An agreement between two parties can take effect in two ways. The
first is when both parties have met certain conditions to enter into an
agreement. The second way in which the agreement is enforced is when both
parties decide to be bound by the agreement on a certain date. Bilateral
agreements usually become active and are enforced by the second option
when both parties agree to enforce an agreement that starts on a
predetermined date.

 Multilateral Trities

This trities entered into by three or more countries. Each country has
the same obligations and rights. There are many examples in this agreement,
for example the Geneva Convention, International Crime, and others.

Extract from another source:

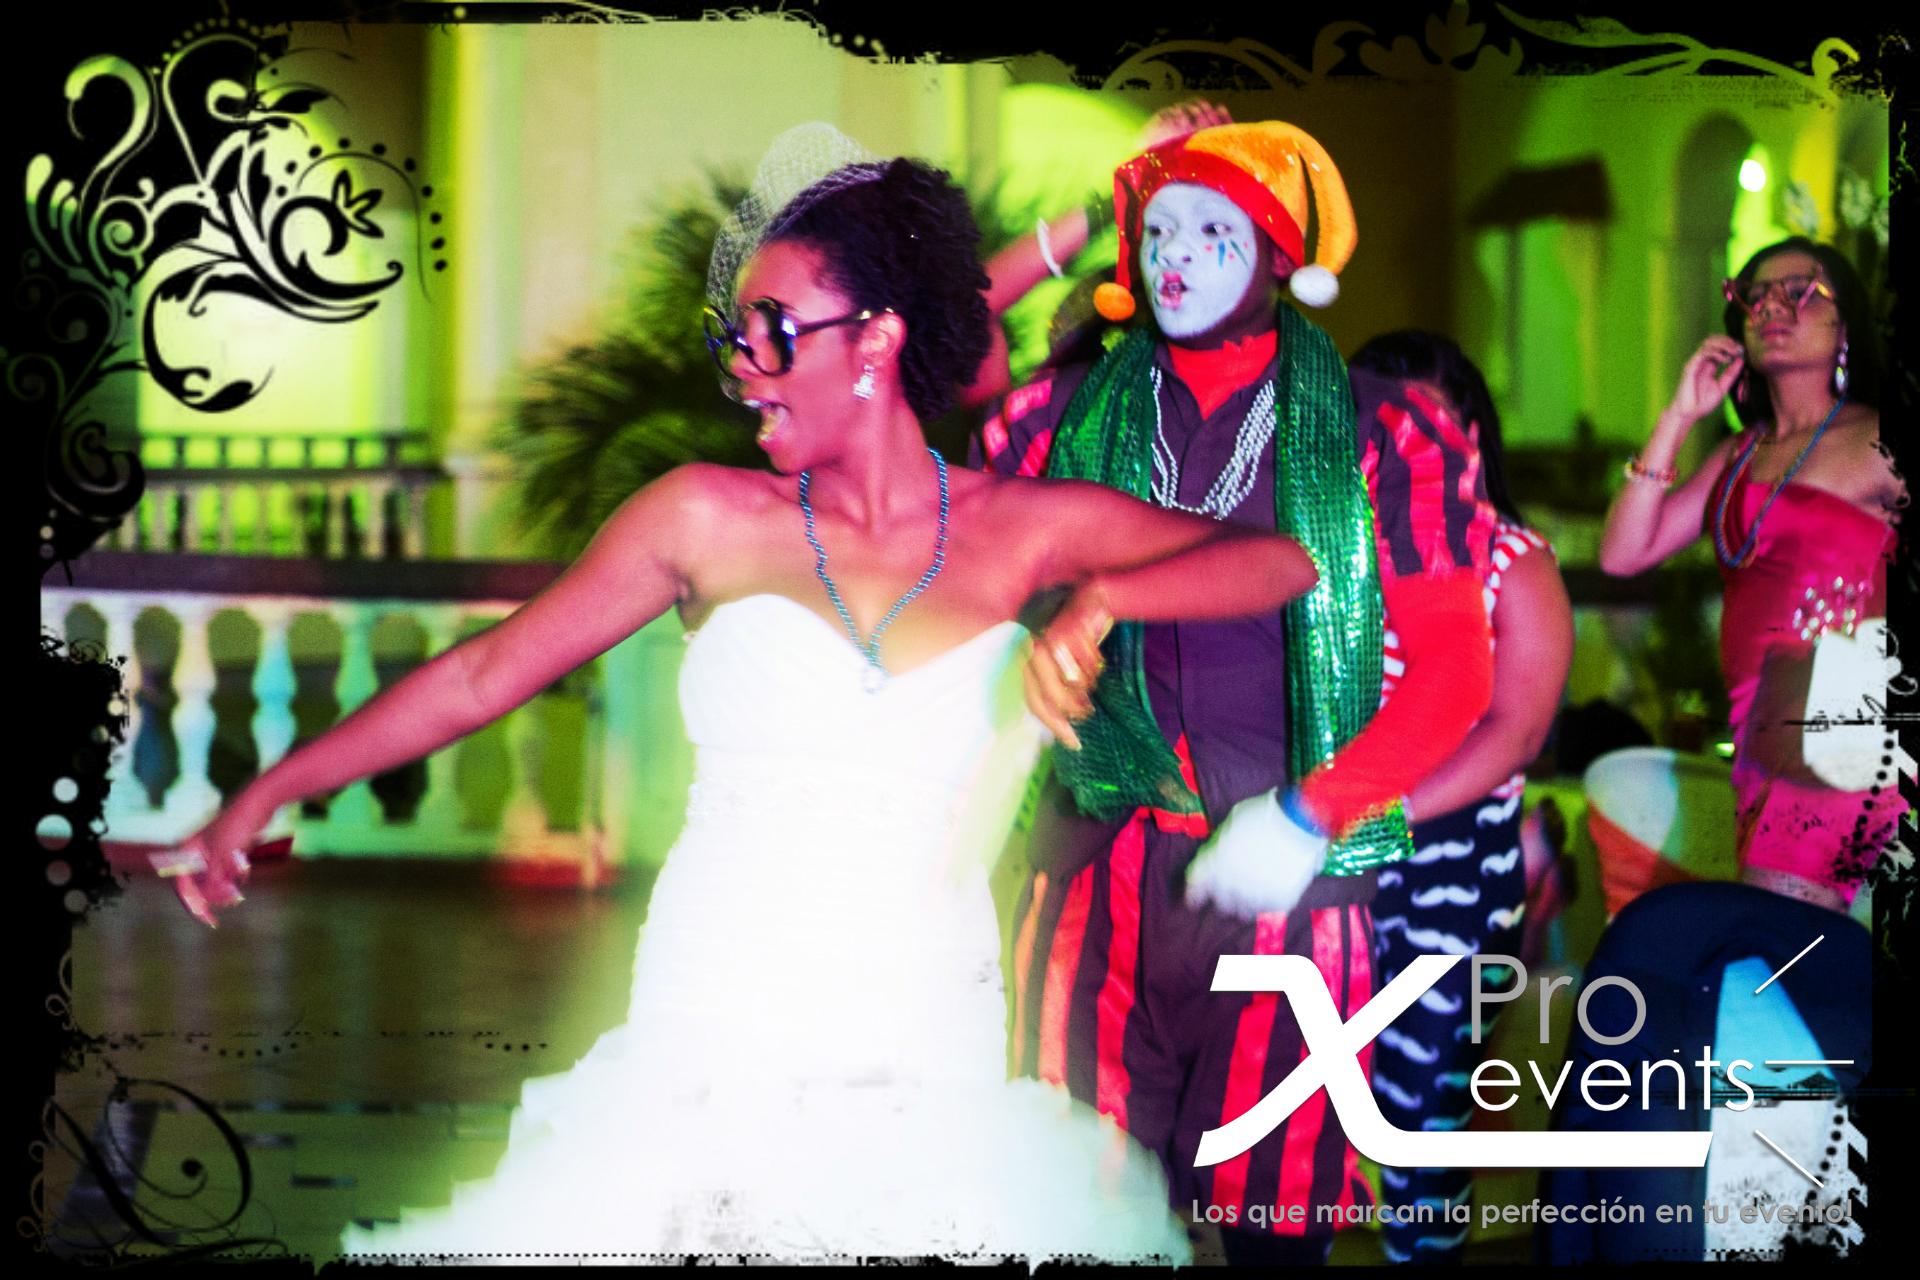 www.Xproevents.com - Ahi se bailo - se brinco - se gozo.jpg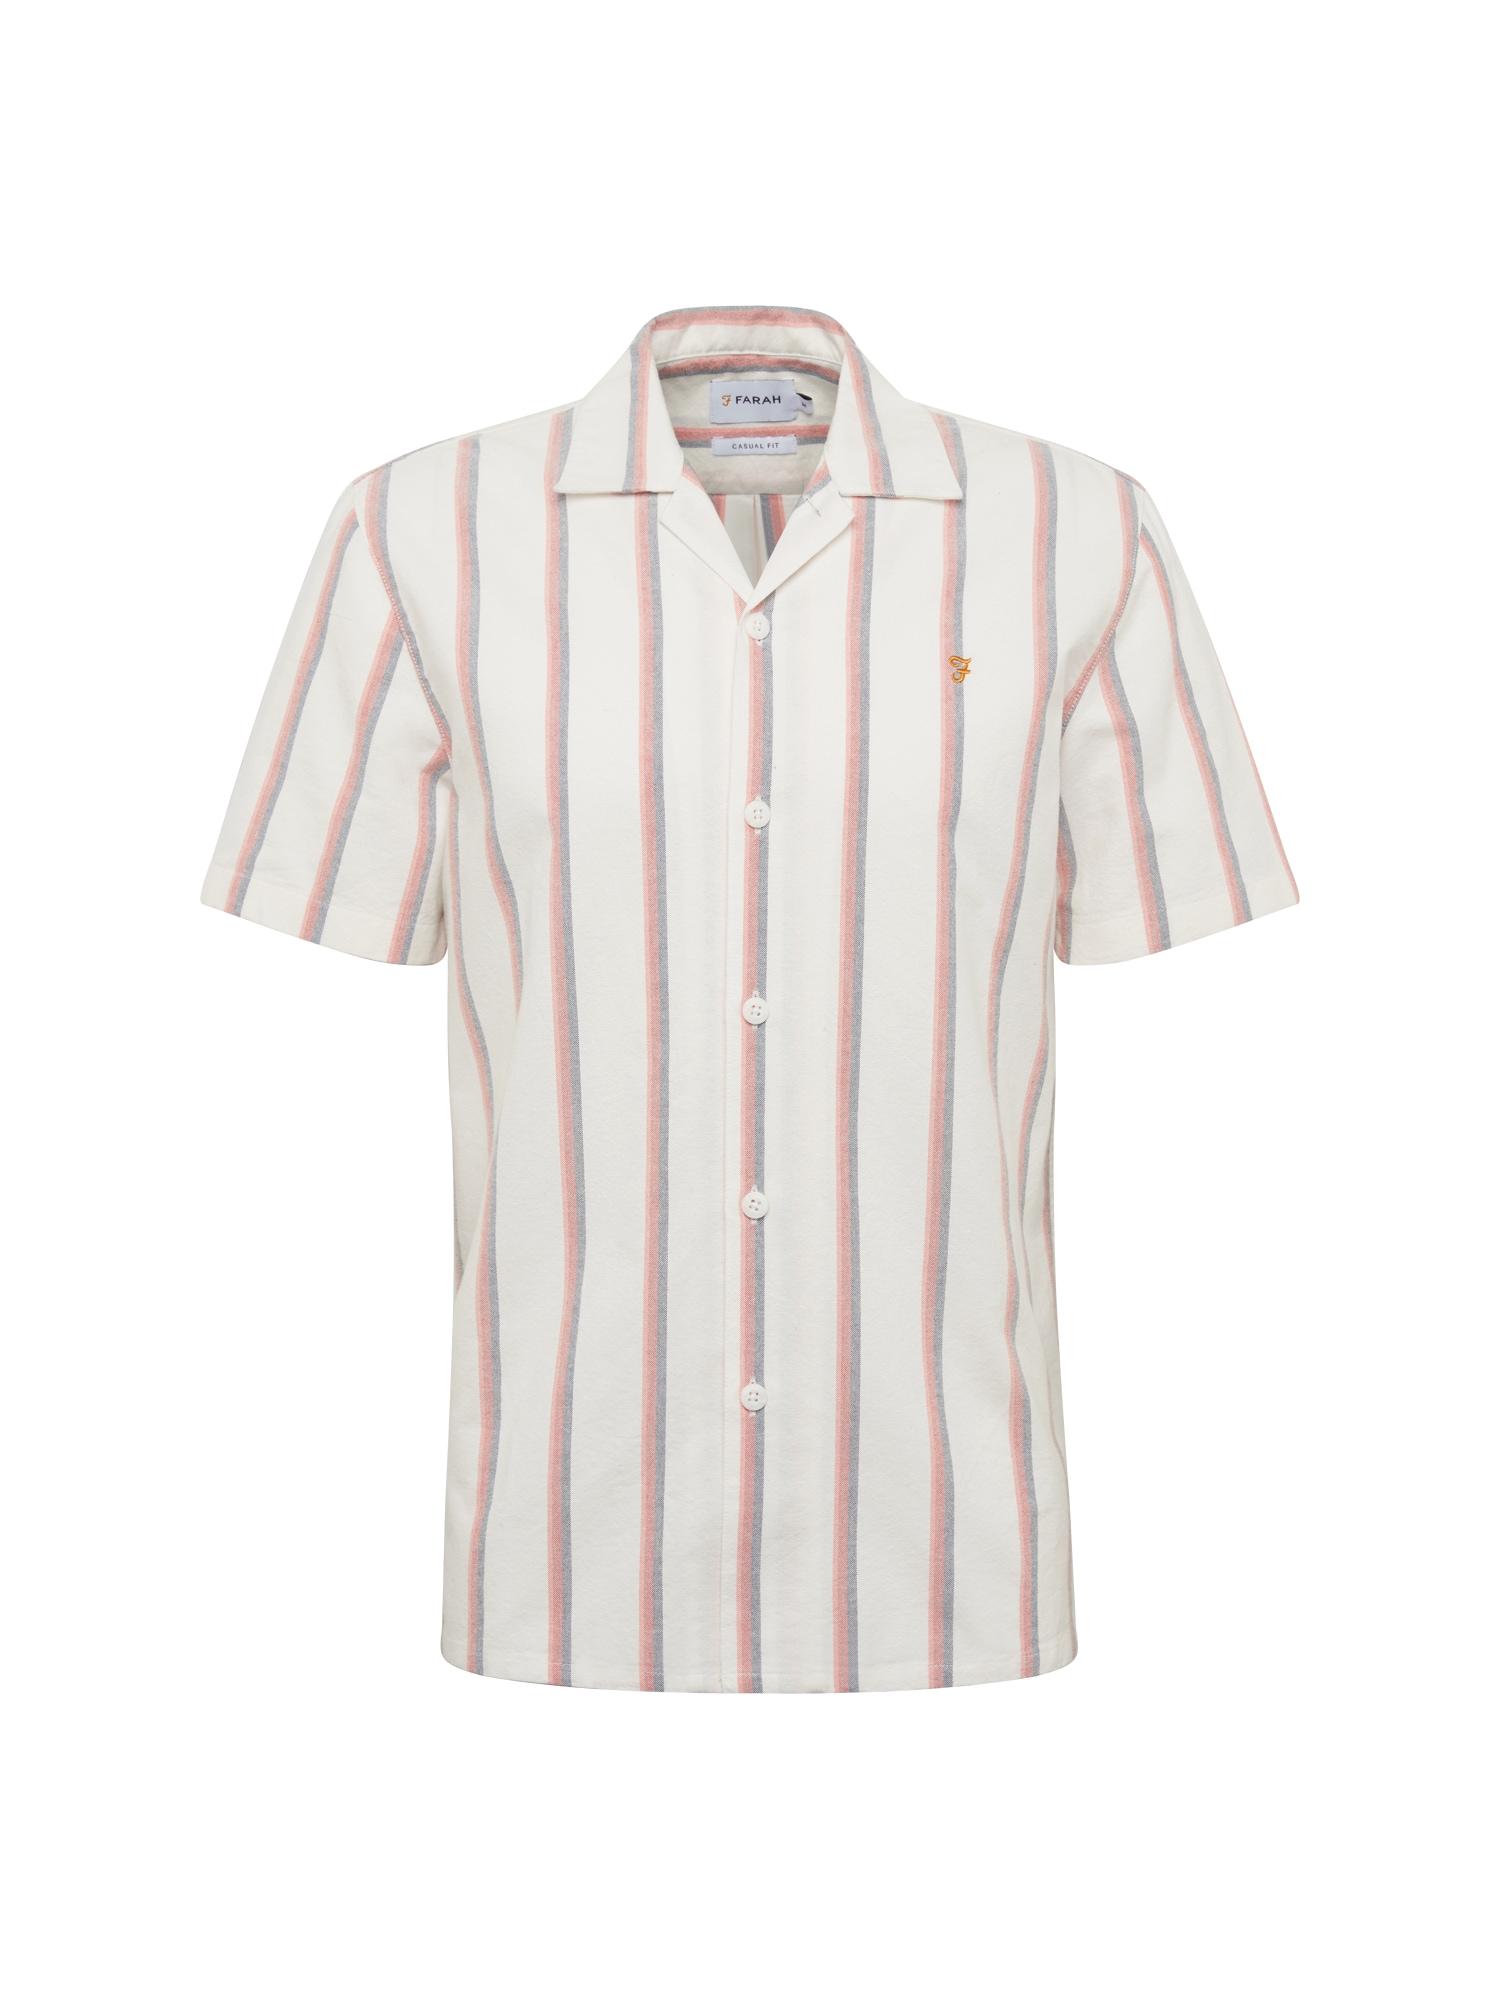 Košile SAUNDERSON červená bílá FARAH

A bilateral agreement is an agreement between two countries. A


bilateral agreement can become a multilateral agreement if another new
party succeeds or accepts it.

G. International Custom

Efforts to codify customary international law took place after the second
World War with the creation of an international law commission under the
auspices of the United Nations. The general principles that reside in law are those
usually recognized by the laws of the world. Certain norms of international law
achieve norm-binding power which includes all countries without exception.
Generally, a state must declare its agreement in order to be bound by a treaty.
Exceptions are given to countries that are persistent objectors, or in other words,
countries that continuously oppose the existence of an international custom.
International custom is not only about multilateral agreements, but also about
regional agreements. Because, the regional existence has been legalized by
international law.

H. Statehood and Responsibility.


The existence of a country requires the existence of control and rights over the
existing territory. International law also regulates the acquisition of territory, legal
responsibility, and state immunity. International law is also used to regulate issues
related to global communications, world trade, and so on.
Literally, all countries are equal and sovereign. As a result of the idea of
sovereignty, the value and authority of international law depends on the voluntary
participation of states in its formulation, enforcement and adherence to it.
Meanwhile, traditionally, a sovereign state is the only subject of international
law. Recent interpretations of human rights and international trade law have been
followed and include companies and even certain individuals.
The conflict between international law and national sovereignty is a matter of
debate and dispute. Many people today view the state as the main unit in a series
of international laws. Some politicians in politics think that this development is
dangerous for the nation state by taking over power from the state government.
Although on the one hand European democracies support a broad and
universal interpretation of international law, many other democracies have
different views. Democracy in developing countries, for example, because of past
history, often demands and rejects interference from foreign countries, especially
regarding human rights standards. However, not infrequently, they often support
the United Nations, especially in the case of the use of force.
I. Conclusion
International law is the law of nations, law between nations or law between
nations. The laws of the nations were used to denote the customs and laws of the
laws that prevailed in the relationship between ancient kings. Law between
nations or laws between countries refers to the complex of principles and
principles governing the relationship between members of society, nations or
states.
The emergence of various doubts and questions about the existence and
existence of international law as a legal system is answered by using an ontology
study that studies something that "exists". Doubts and questions are answered with
evidence that states the rapid development of international law itself and the level
of compliance and needs of international legal actors with international law. This
is sufficient to prove that international law "exists".